In Namibia a similar event has taken place when President Geingob utilised funds donated to the state owned fishing company Fishcor, who sold fishing quotas to an Icelandic firm Samherji, in order to fund his election campaign in 2017. This eventually become part of the Fishrot scandal although and apart from the donated funds, the election campaign had nothing to do with Fishrot.

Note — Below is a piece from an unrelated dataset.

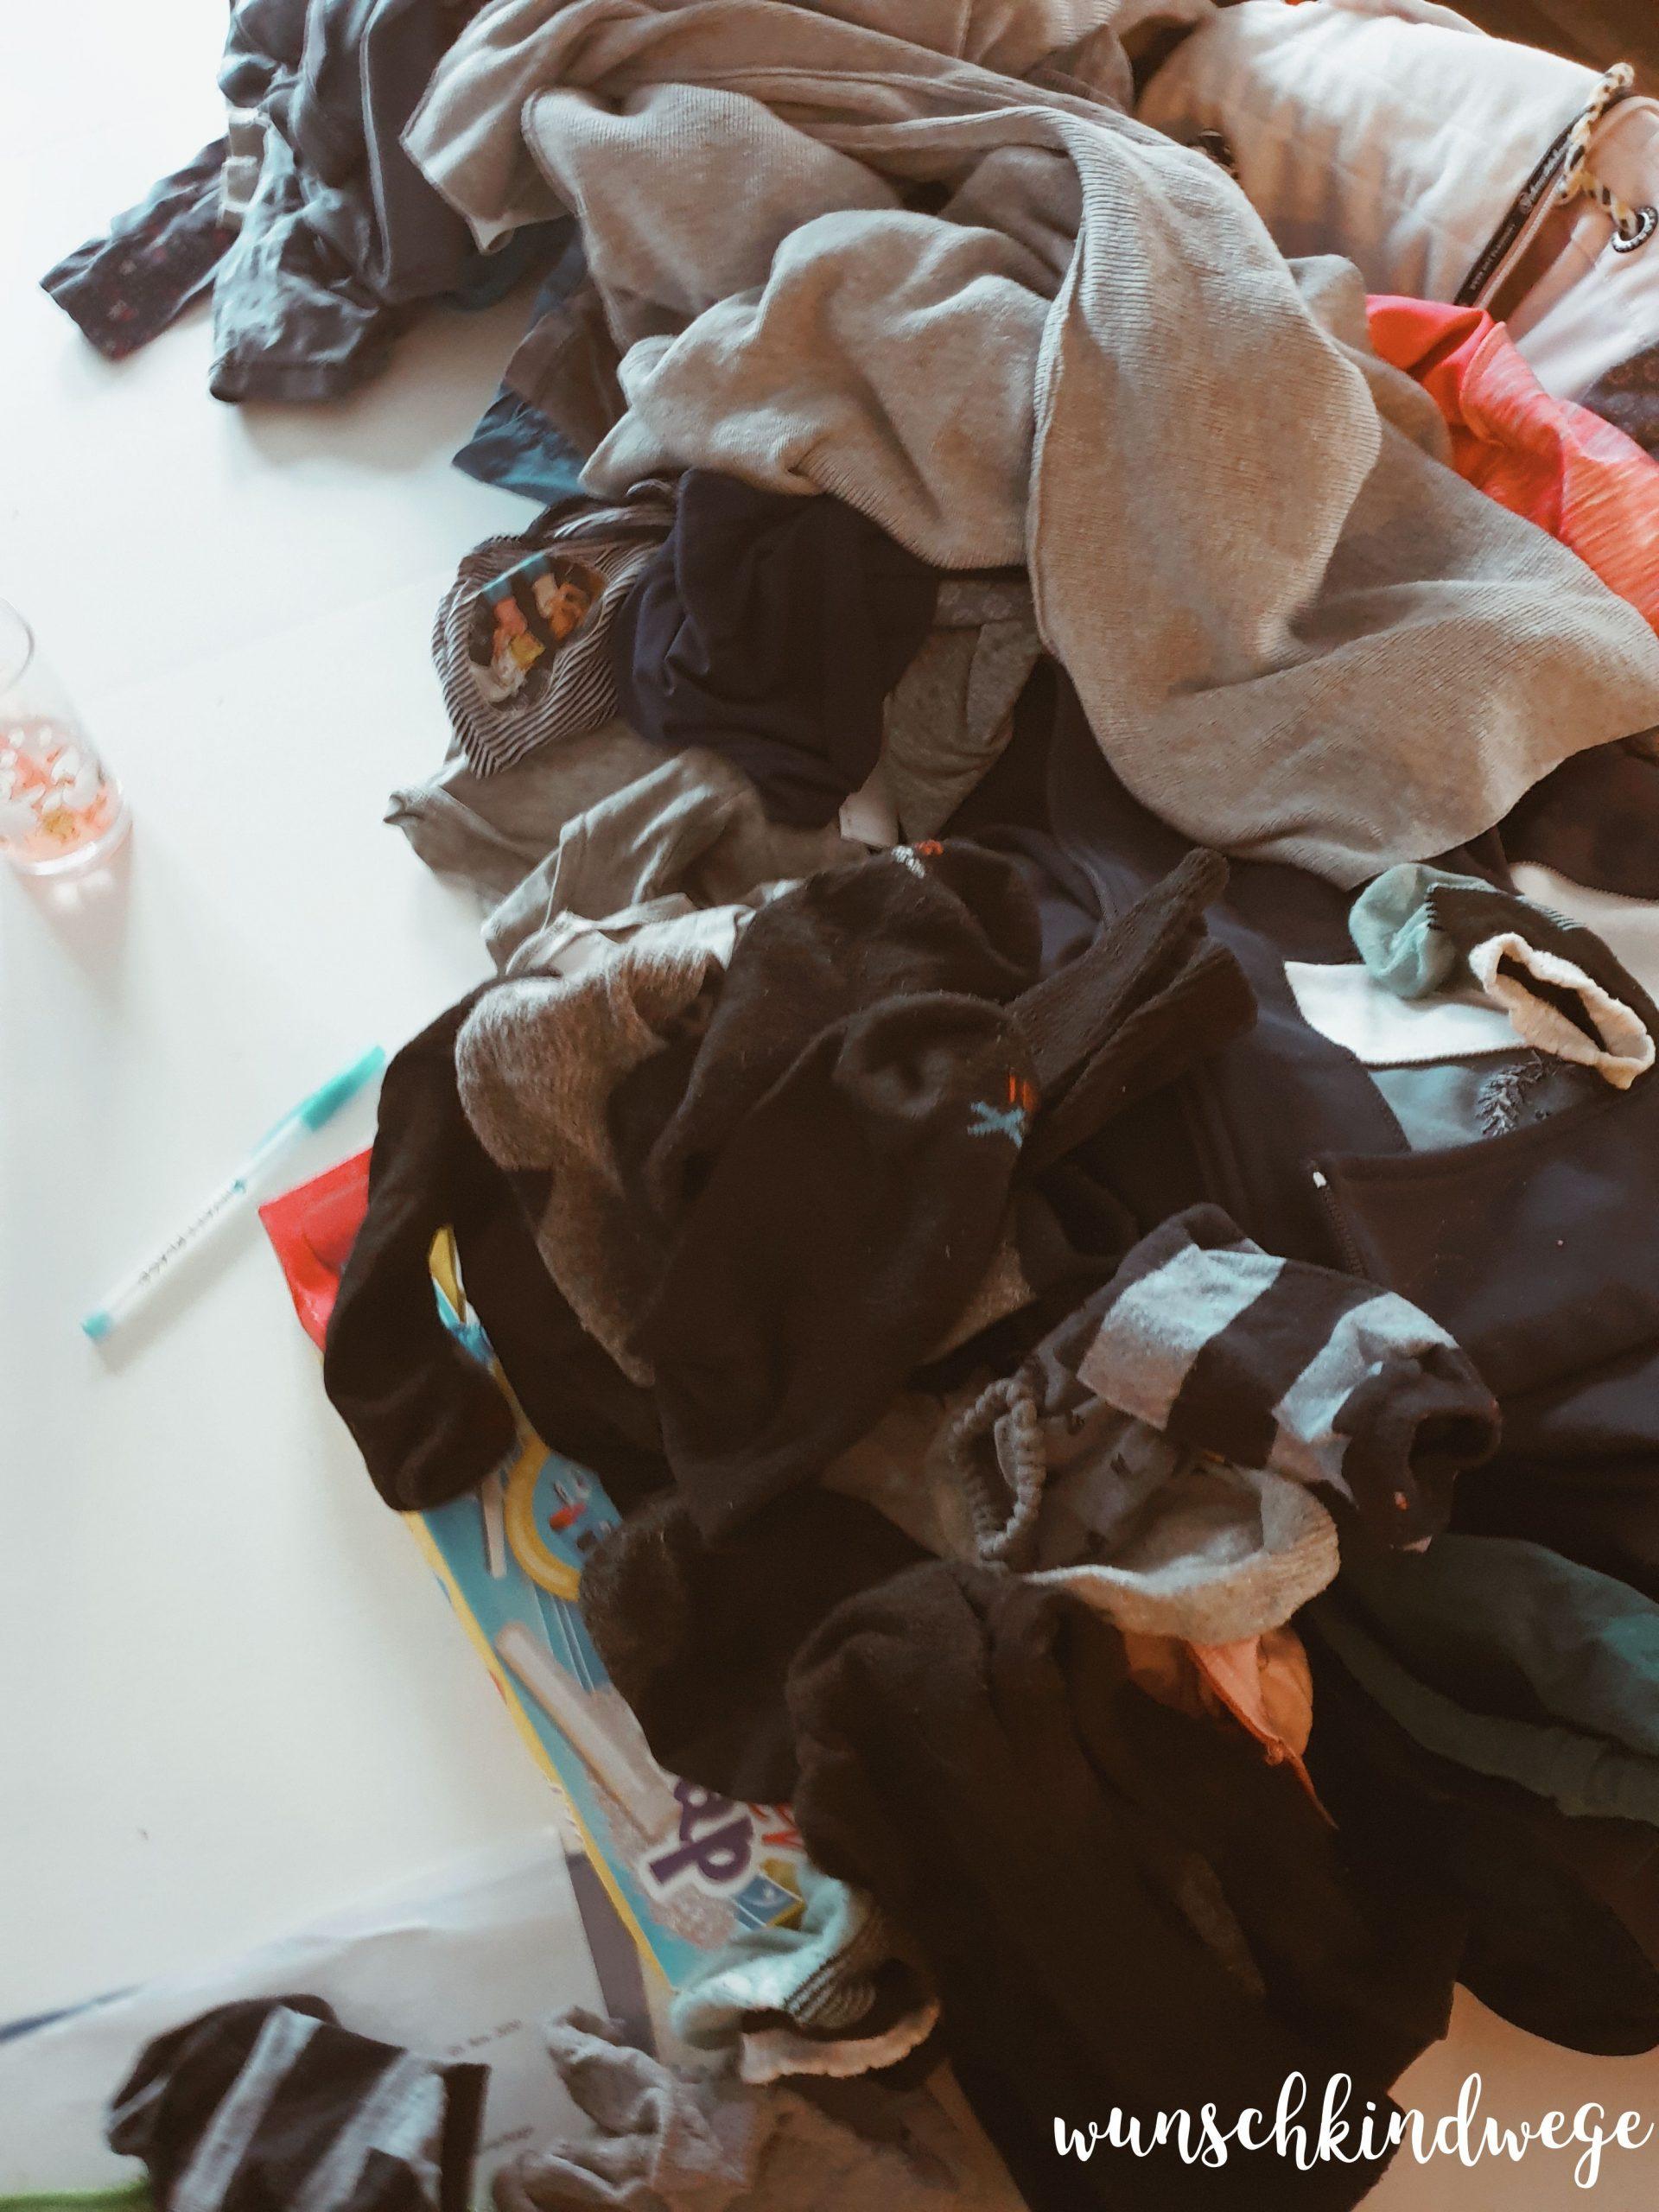 Wäscheberg - Was machst Du eigentlich den ganzen Tag

Although there are several more examples such as Zimbabwe, it is evident that the tendency to disregard the rule of law by sub Saharan countries is ever increasing. In South Africa, Zimbabwe, Botswana and Namibia, it is clear that the ruling parties are quick to utilize the Prosecuting authorities to persecute its opponents under the guise of lawful prosecution whilst the criminal justice system in both countries dismally fails ordinary citizens. This aspect is not clearly grasped by Western powers as they tend to believe that because of the separation of powers that exists in most African countries, that the rule of law is upheld. What they fail to realise is that in most Sub Saharan African countries, the ruling Presidents, many of which are in power for extended terms, are the one appointing judges; and they do so by making sure that judges that are perceived to be loyal are appointed. In that way , the ruling party, especially in most sub Saharan Africa where the ruling parties have ruled for decades, ensure that the Judiciary is ‘captured’.
In South Africa and Namibia, things have deteriorated to such an extent that it can be argued that it is a mafia state where the rule of law is not being upheld. Wikipedia describes a mafia state as a state system where the government is tied with organized crime to a degree where government officials, the police, and/or military become part of the criminal enterprize.
Babita Deokoran was murdered for exposing massive corruption in the Gauteng Health Department. Andre de Ruyter survived a poisoning attempt whilst the Deputy President of South Africa was deeply involved in the Eskom corruption, and in Namibia Marén de Klerk was labelled a fugitive and persecuted for being a whistleblower in the presidential election campaign.
Sadly, the rule of law in Sub Saharan countries remains an ever increasing elusive ideal, which looks good on paper but where there is no political will to adhere thereto.